Lenders carry out an independent valuation of the property being bought and they will fund around 80-85% of the valuation amount as determined by their valuers. These independent valuers normally are conservative and value the property (especially property bought on resale) much lower than what you might actually be paying for it. While you can ask for a second valuation (at your cost off course) you should be prepared to shell out the difference between the actual price being paid by you and the valuation made by the bank over and above the 15-20% downpayment required from you.

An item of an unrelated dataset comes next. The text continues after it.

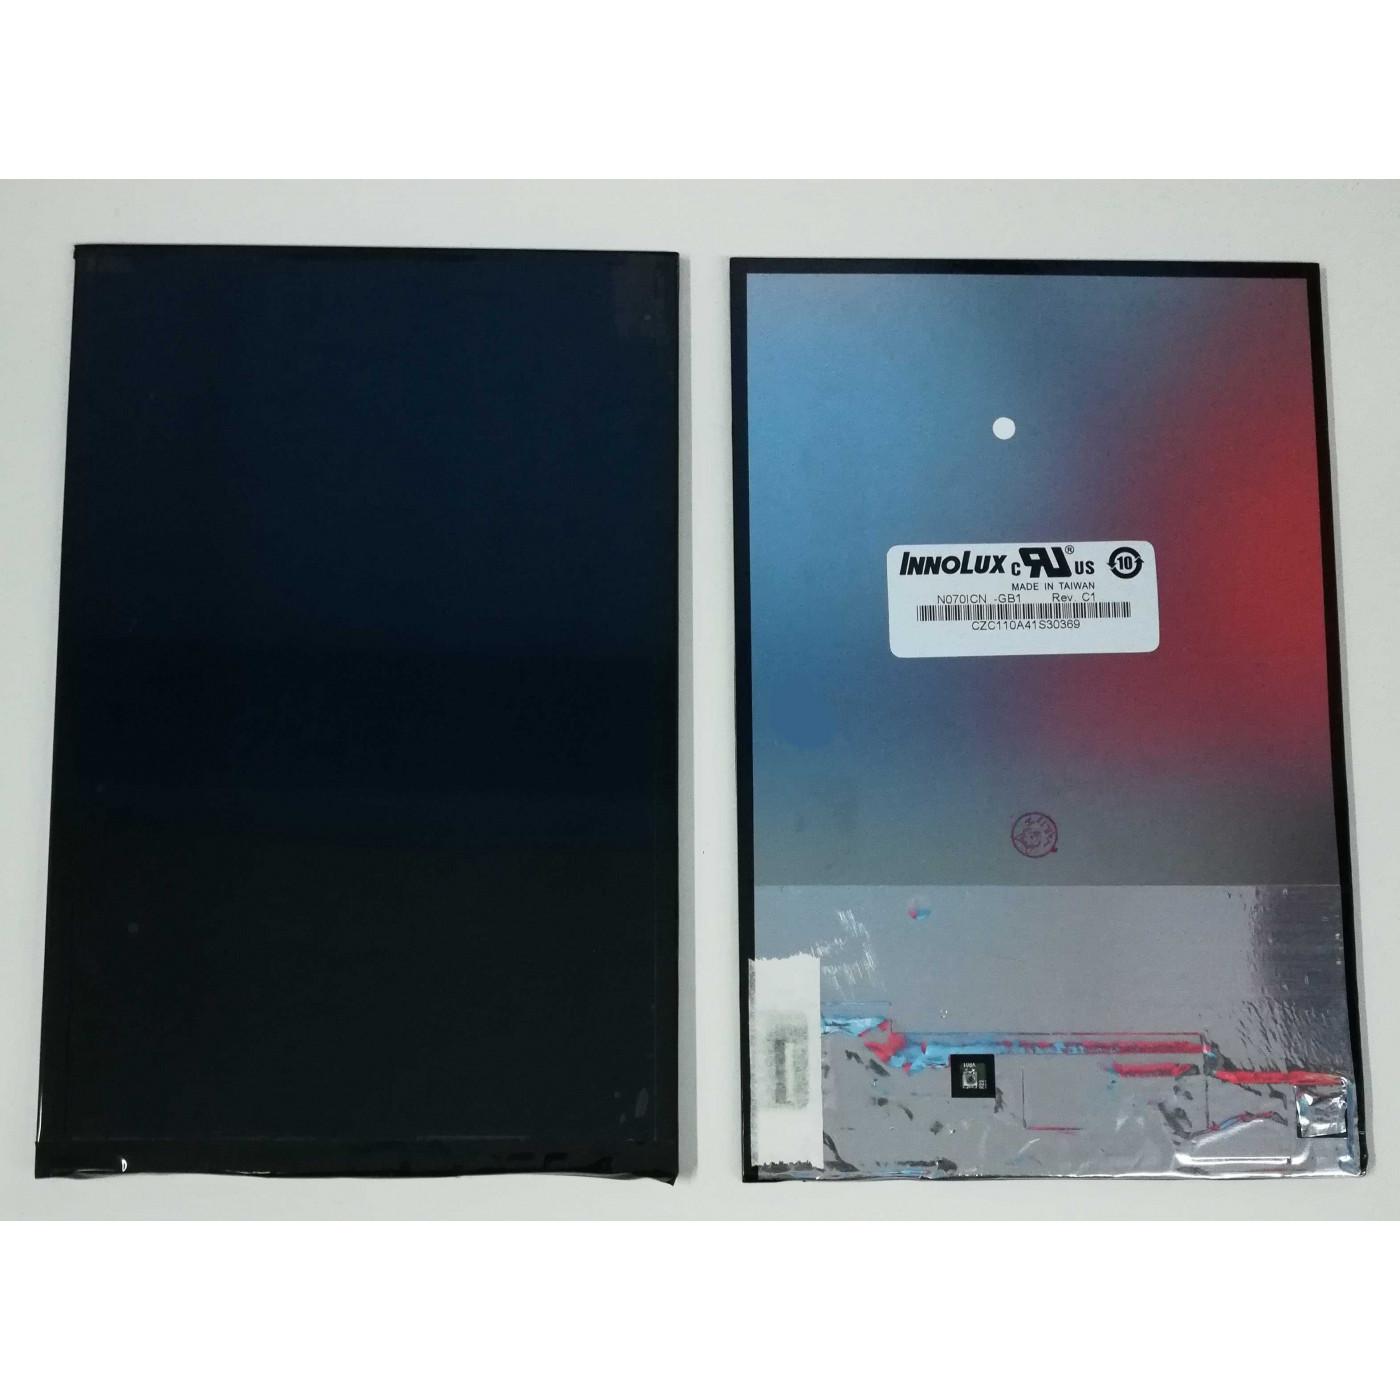 LCD DISPLAY PARI ORIGINALE PER Asus Fonepad 7 K00E ME175CG K00Y K00Z SCHERMO MONITOR 7.0

6) Let your Family inherit your home not your home loan

Make sure to review your insurance requirement when you take on a home loan. If you are underinsured make sure you buy a term policy (it is anyway cheaper than a so called loan cover policy) for the entire amount of loan so that the family can pay off the loan in the event of the borrowers death during the loan tenure. Also consider buying a critical illness rider that will pay off the loan in the event of the borrower suffering from critical illnesses such as Kidney failure, paralytic stroke, cancer, etc.

Do not sign blank application forms or documents and keep a copy of all documents submitted to the lender for your future reference. Any promise made by the DSA or even an official of the lender has no value unless it is in writing or at least on email.So if you are basing your decision on any such promise make sure you get it in record in some form.